### What you should do
Once the line containing "Тунець Маре Аперто" is found in the entries below, restate it and each following line word for word, stopping after the line containing "Купить Шапка для".

### Excerpted data
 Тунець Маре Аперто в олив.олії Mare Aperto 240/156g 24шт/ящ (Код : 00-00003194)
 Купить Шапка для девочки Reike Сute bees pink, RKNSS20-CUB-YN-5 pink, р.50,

* * *

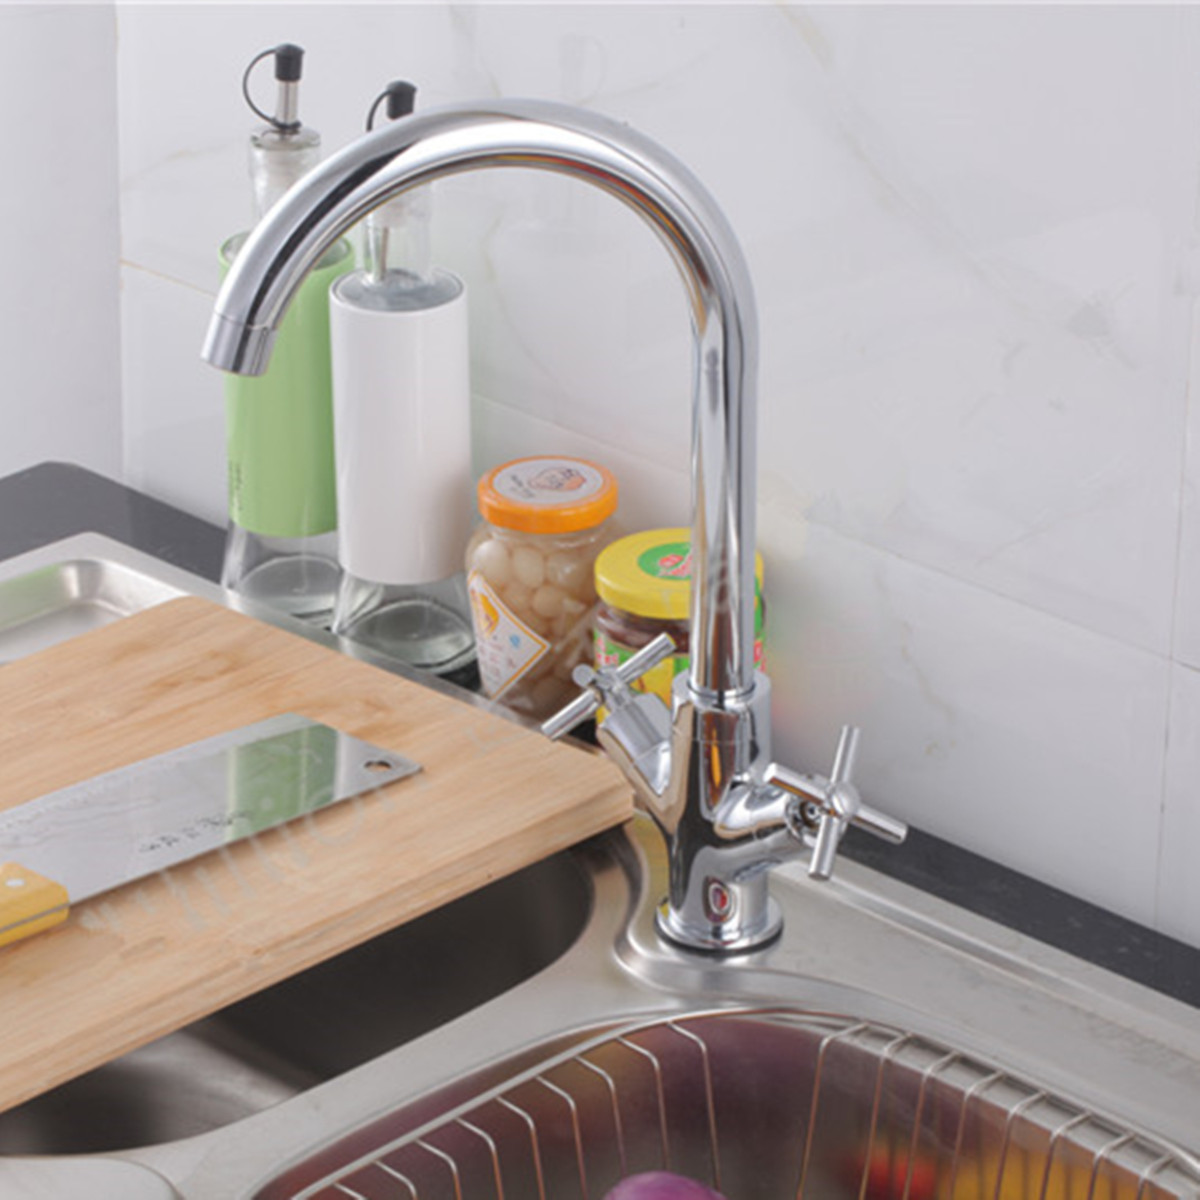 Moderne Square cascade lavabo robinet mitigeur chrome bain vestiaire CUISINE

...

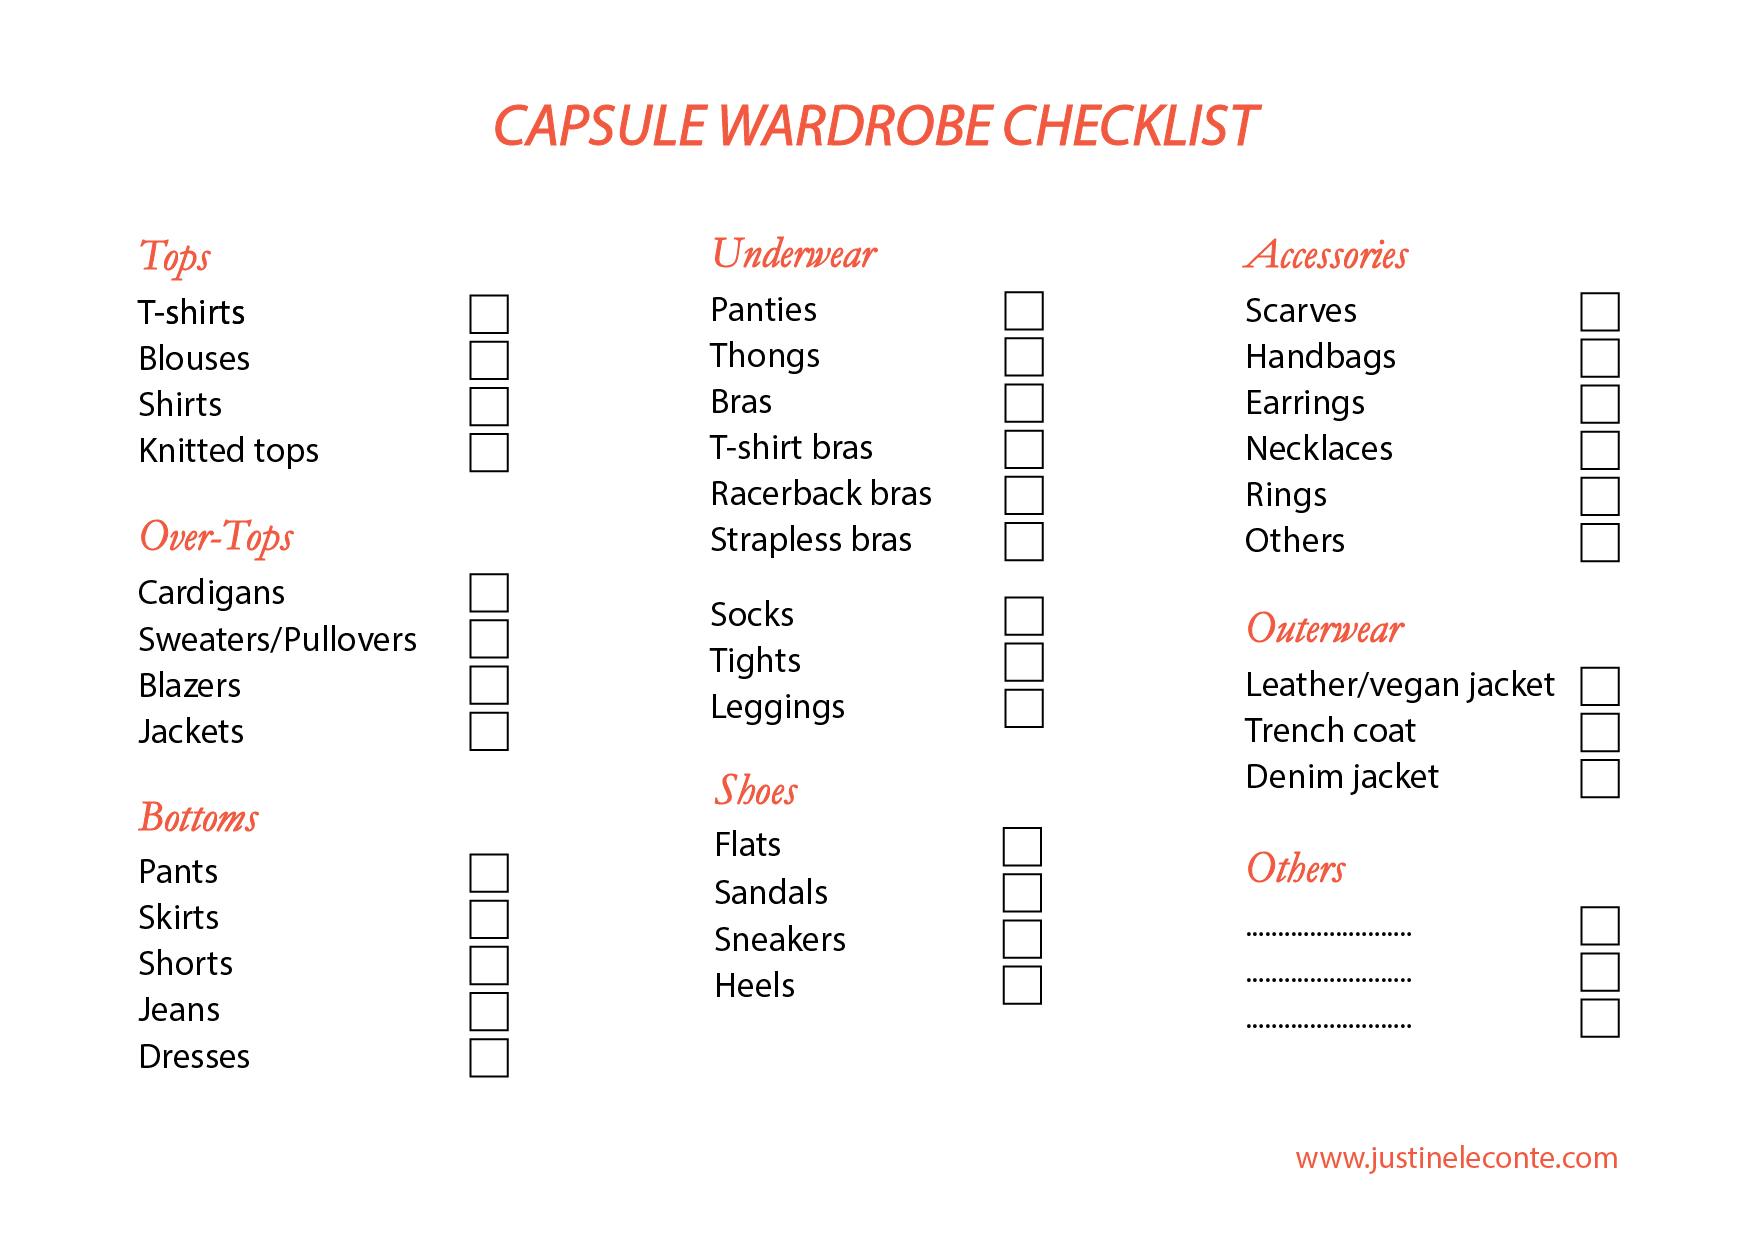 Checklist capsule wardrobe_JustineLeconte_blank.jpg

### The answer
 Тунець Маре Аперто в олив.олії Mare Aperto 240/156g 24шт/ящ (Код : 00-00003194)
 Купить Шапка для девочки Reike Сute bees pink, RKNSS20-CUB-YN-5 pink, р.50,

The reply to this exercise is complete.